What This System CANNOT Tell You
- Specific strike prices or expiry dates to trade
- Exact magnitude of market moves
- Precise timing of moves within a session
- Whether YOUR specific trade will be profitable
- Anything about after-hours/pre-market microstructure
- Real options flow or dark pool activity
Validation Plan (Critical)
Before trusting any of this with real money:
Month 1: Paper scoring
- Run simulations for every major event
- After each event, grade the simulation output:
- Did it correctly identify the dominant behavioral pattern? (Y/N)
- Did it correctly identify asymmetry? (Y/N)
- Did it surface any second-order effects that actually manifested? (Y/N)
- Would following its "lens" suggestion have been profitable? (Y/N)
- Track hit rate across 10+ events
Month 2: Paper trading
- If Month 1 hit rate > 60% on directional calls:
- Paper trade on IBKR using simulation insights
- Use small position sizes (2-3% of portfolio per trade)
- Track Sharpe ratio of simulation-informed trades vs. your baseline
Month 3: Small live
- If paper trading shows positive edge:
- Go live with real money, small sizes
- Strict risk management: max loss per trade, max daily loss
- Continue tracking simulation accuracy
File Structure
mirofish-options/ ├── config.py # API keys, MiroFish URL, Telegram bot token ├── seed_builder.py # Builds seed documents from market data ├── mirofish_client.py # MiroFish API wrapper ├── report_translator.py # Parses reports → trading insights ├── telegram_sender.py # Sends briefings to your Telegram ├── scheduler.py # Cron scheduler for overnight runs ├── event_calendar.py # Manages upcoming events ├── models.py # Data classes (ScenarioInsight, TradingBriefing) ├── validation_tracker.py # Tracks prediction accuracy over time ├── seeds/ # Generated seed documents (archived) ├── reports/ # MiroFish reports (archived) ├── briefings/ # Generated trading briefings (archived) └── validation/ # Accuracy tracking data
Quick Start Path (Minimum Viable Version)

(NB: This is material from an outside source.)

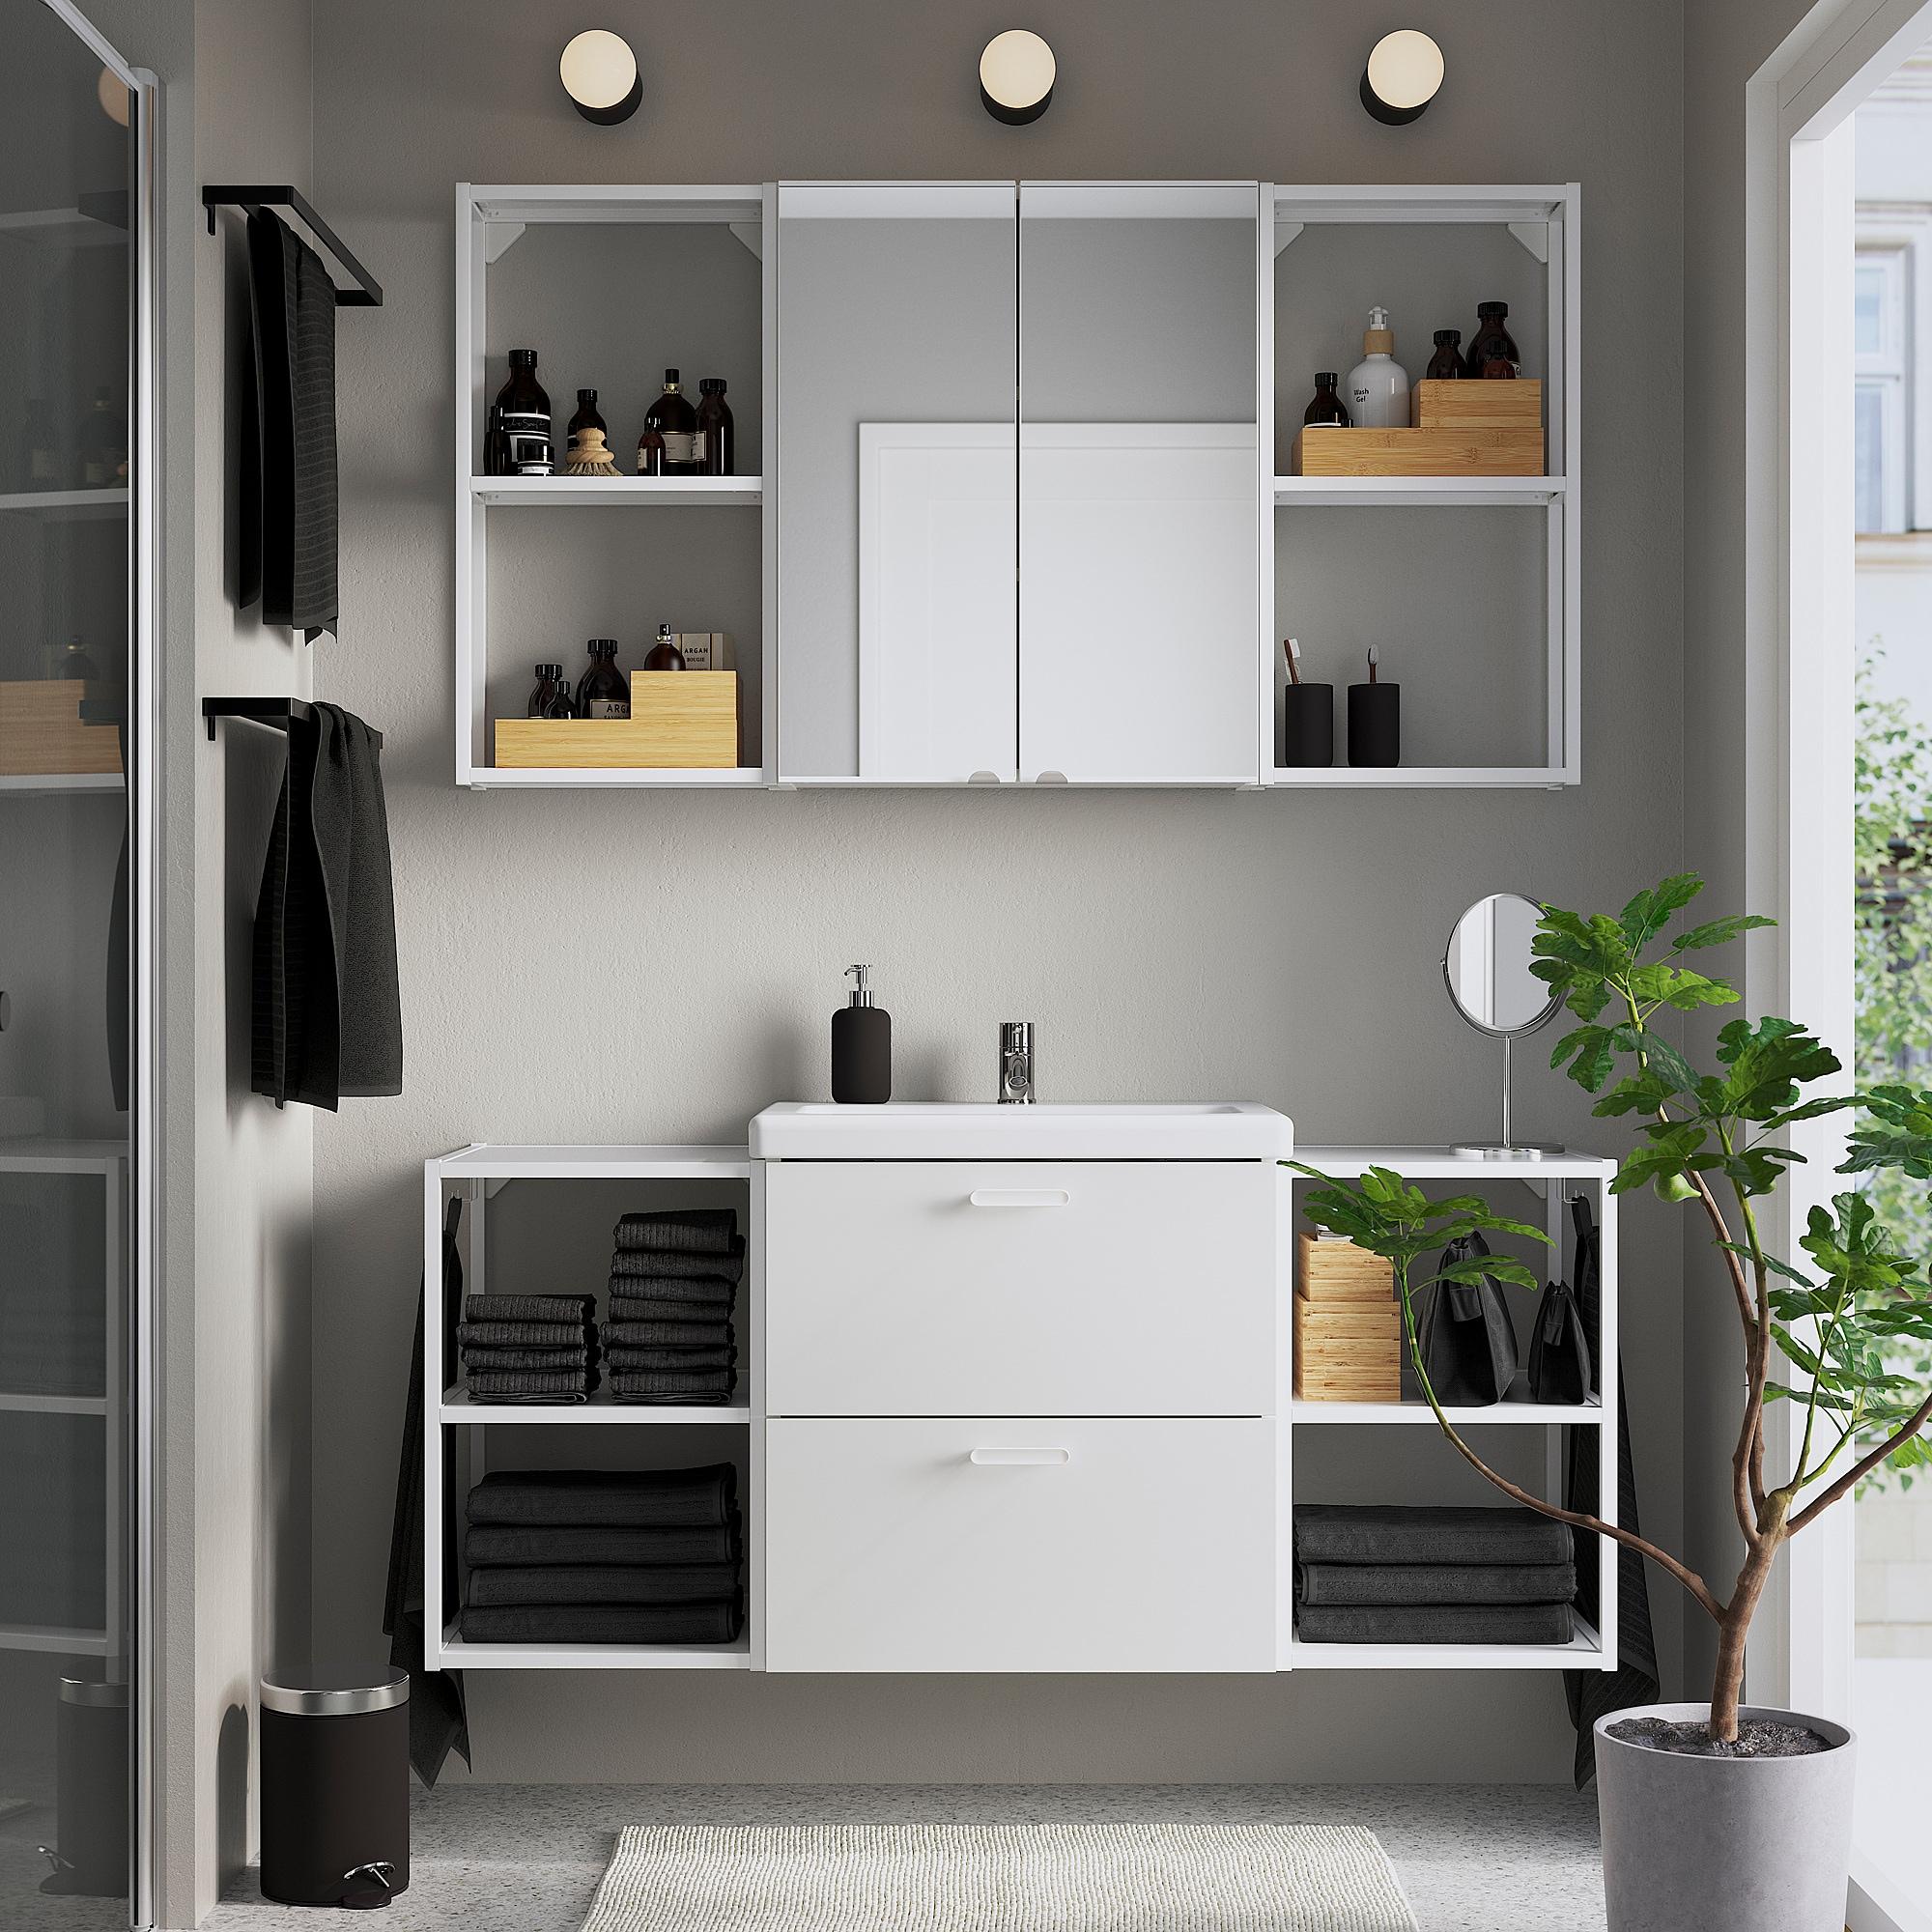 ENHET / TVÄLLEN Bathroom furniture, set of 18, white/Pilkån tap, 140x43x65 cm

If you want the fastest path to testing whether this is useful at all:
- Deploy MiroFish Docker (~30 min)
- Sign up for Alibaba Bailian (qwen-plus) + Zep Cloud free tier (~15 min)

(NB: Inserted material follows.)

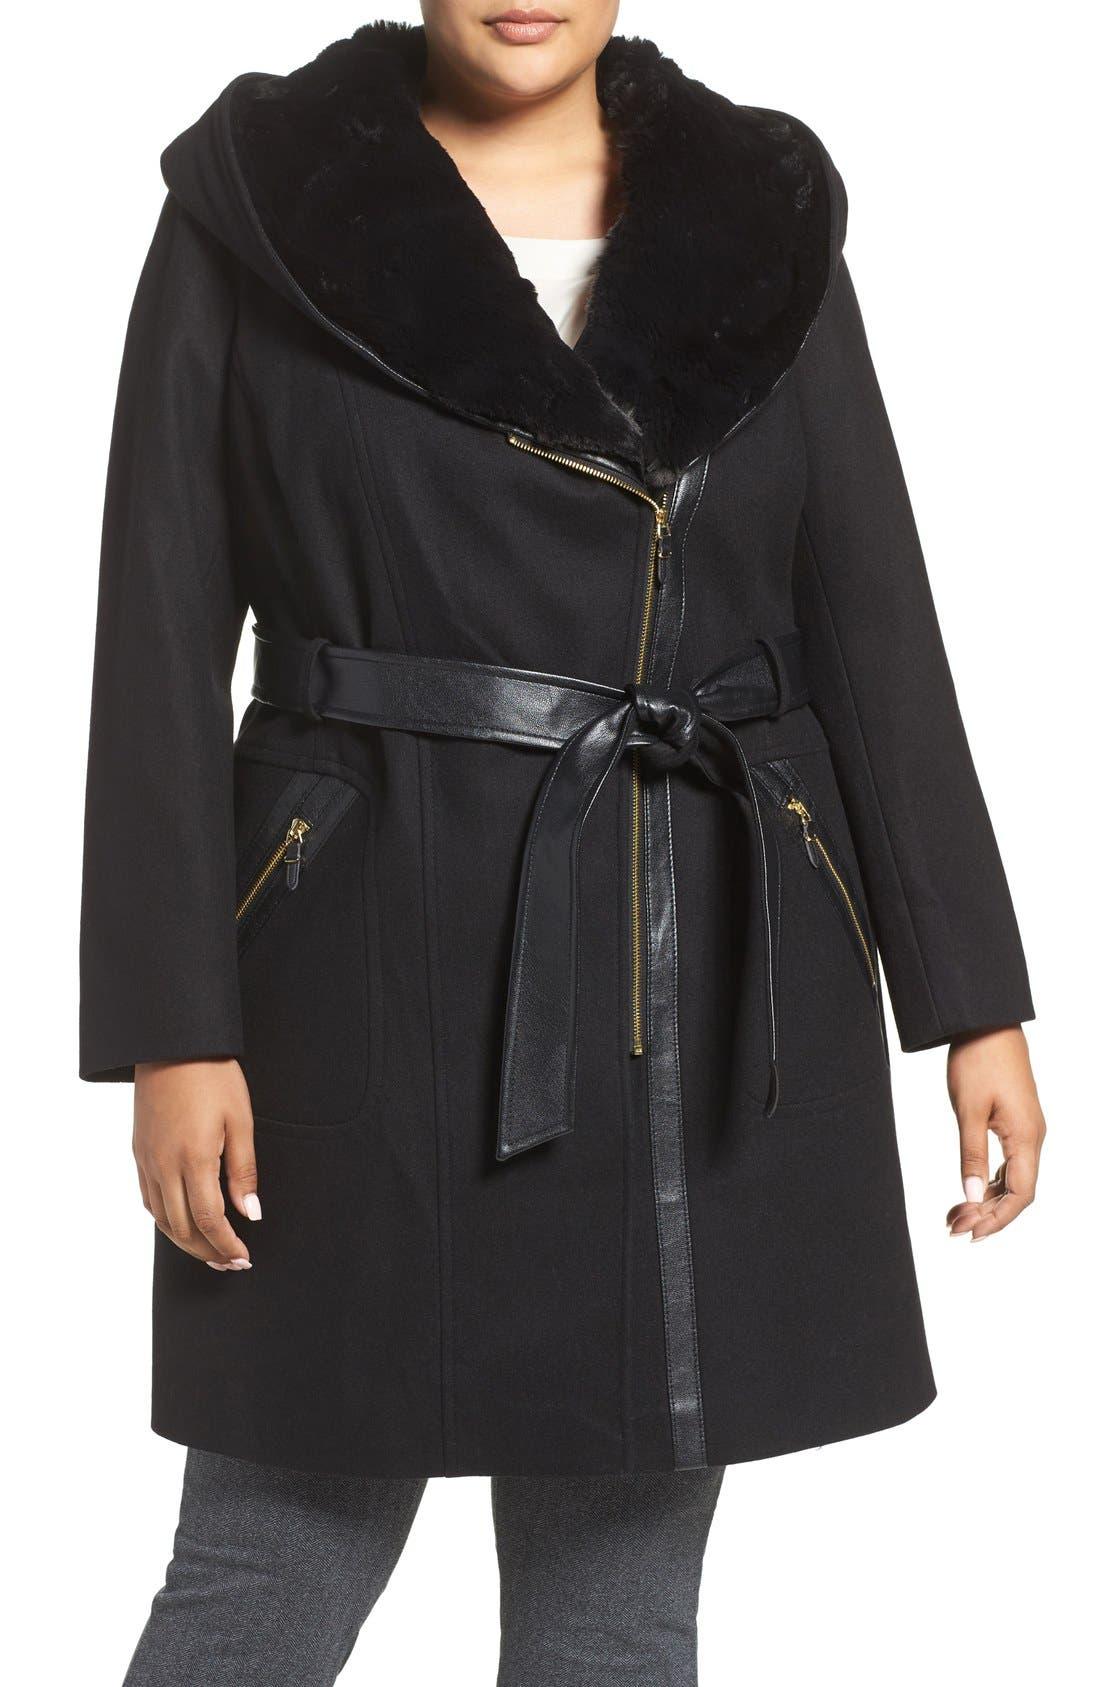 VIA SPIGA Wool Blend Coat with Faux Fur Trim, Main, color, 001

- Manually create a seed document for the next FOMC meeting (~20 min of copy-pasting news/data into a .txt)
- Upload via the web UI, run simulation, read the report (~30 min for the sim to run)
- Compare the report against what actually happens after the event
Total time to first test: ~2 hours. Total cost: ~$5 in LLM API calls.
If the report gives you an insight you wouldn't have had otherwise, build the rest. If it doesn't, you've spent $5 and an afternoon finding out.